Intro

I recently had to migrate authentication for a service from FIPA to Active Directory. It was a bit of fluffing around because the directory structure in FIPA did not exactly align with the directory structure in AD. In this post I will demonstrate how to use the ldapsearch command to search an Active Directory LDAP tree.

You can use Powershell on the AD server In order to find out the required details of the bind account.

cmd
Get-ADUser -Filter 'Name -like "some_user"' -SearchBase "DC=example,DC=com"

DistinguishedName : CN=some_user,OU=some,OU=group,DC=example,DC=com
Enabled           : True
GivenName         : Some
Name              : some_user
ObjectClass       : user
ObjectGUID        : 96f1ea93-4a9e-42a1-97b6-85f1790d2258
SamAccountName    : some_user
SID               : S-1-5-21-1263631716-347569959-4351110812-1290
Surname           : User
UserPrincipalName : some_user@example.com

The DistinguishedName parameter or the UserPrincipalName can be used as the bind account parameter to search LDAP.

We can now use this information to search AD/LDAP via the ldapsearch command from a linux host.

cmd
ldapsearch \
    -H ldaps://ad01.example.com -x \
    -b "OU=some,OU=group,DC=example,DC=com" \
    -D "CN=some_user,OU=some,OU=group,DC=example,DC=com" -W

If you are unable to import the certificates and trust the server is legitimate you can ignore self signed certs by adding the LDAPTLS_REQCERT=never parameter to the query.

cmd
LDAPTLS_REQCERT=never ldapsearch \
    -H ldaps://ad01.example.com -x \
    -b "OU=some,OU=group,DC=example,DC=com" \
    -D "some_user@example.com" -W

An explanation of the options used is as follows.

  • -H - LDAP URI
  • -x - Use simple authentication
  • -b - Base DN search path
  • -D - Bind DN
  • -W - Ask for password

The output of the search yields a lot of useful information.
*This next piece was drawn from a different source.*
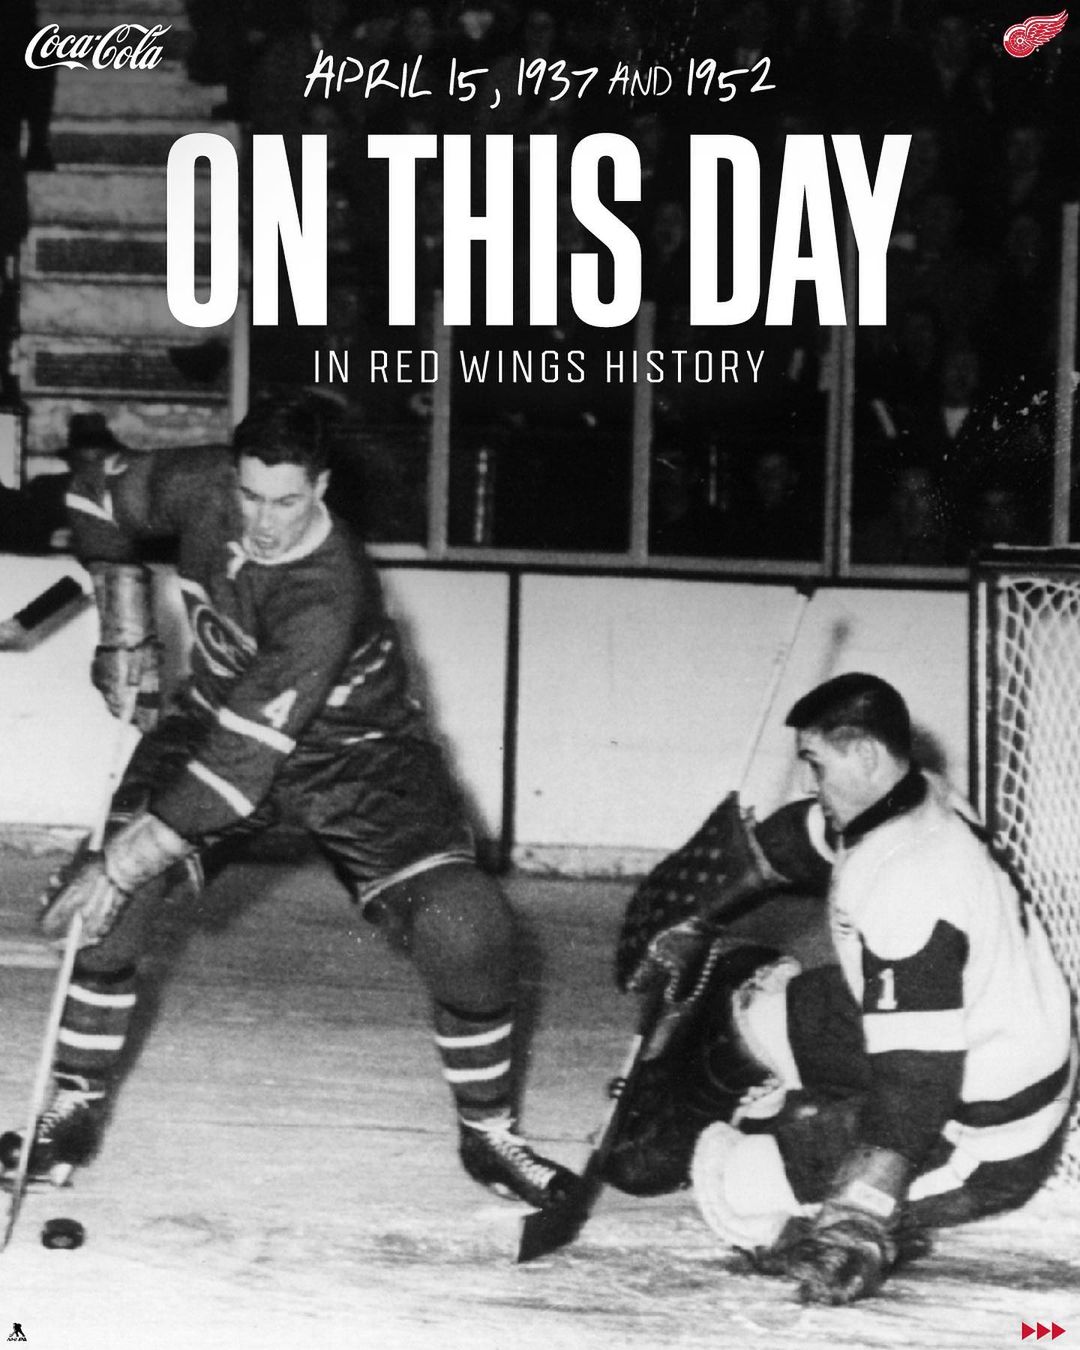 #otd in 1937 & 1952: Stanley Cup Champs!  #lgrw...
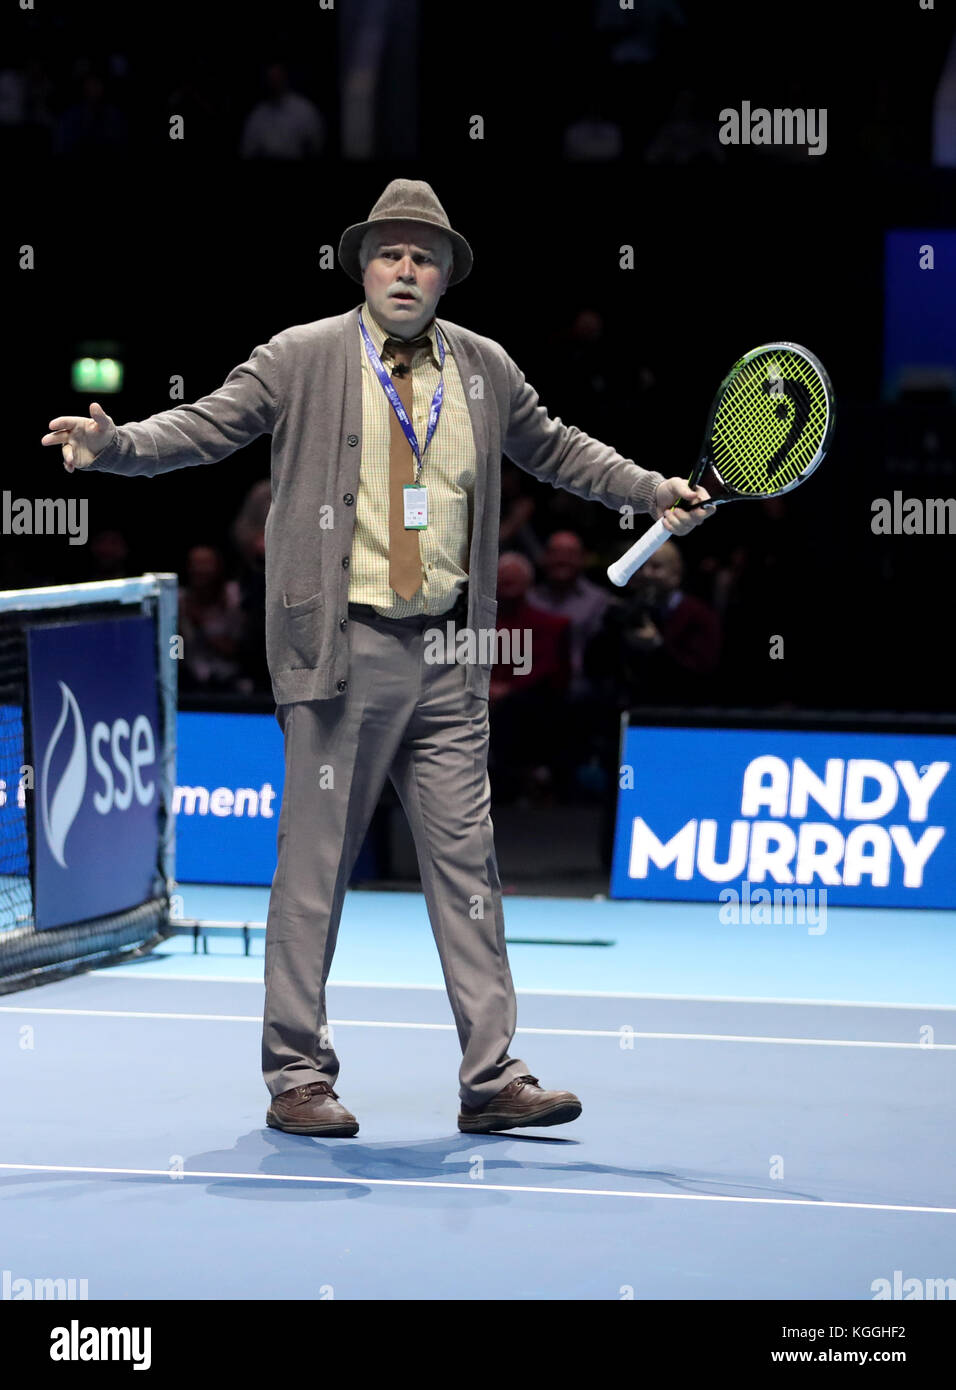 Jack from the television show Still Game on court during the doubles match at the Andy Murray Live Event at the SSE Hydro, Glasgow Stock Photo

For example the DN of the groups a user belongs to can be used to apply permissions.

cmd
memberOf: CN=networks,OU=some,OU=group,DC=example,DC=com
memberOf: CN=automation,OU=some,OU=group,DC=example,DC=com

Outro

That's it. Just a quick post with some examples on how to search an Active Directory LDAP service using the ldapsearch linux command line utility.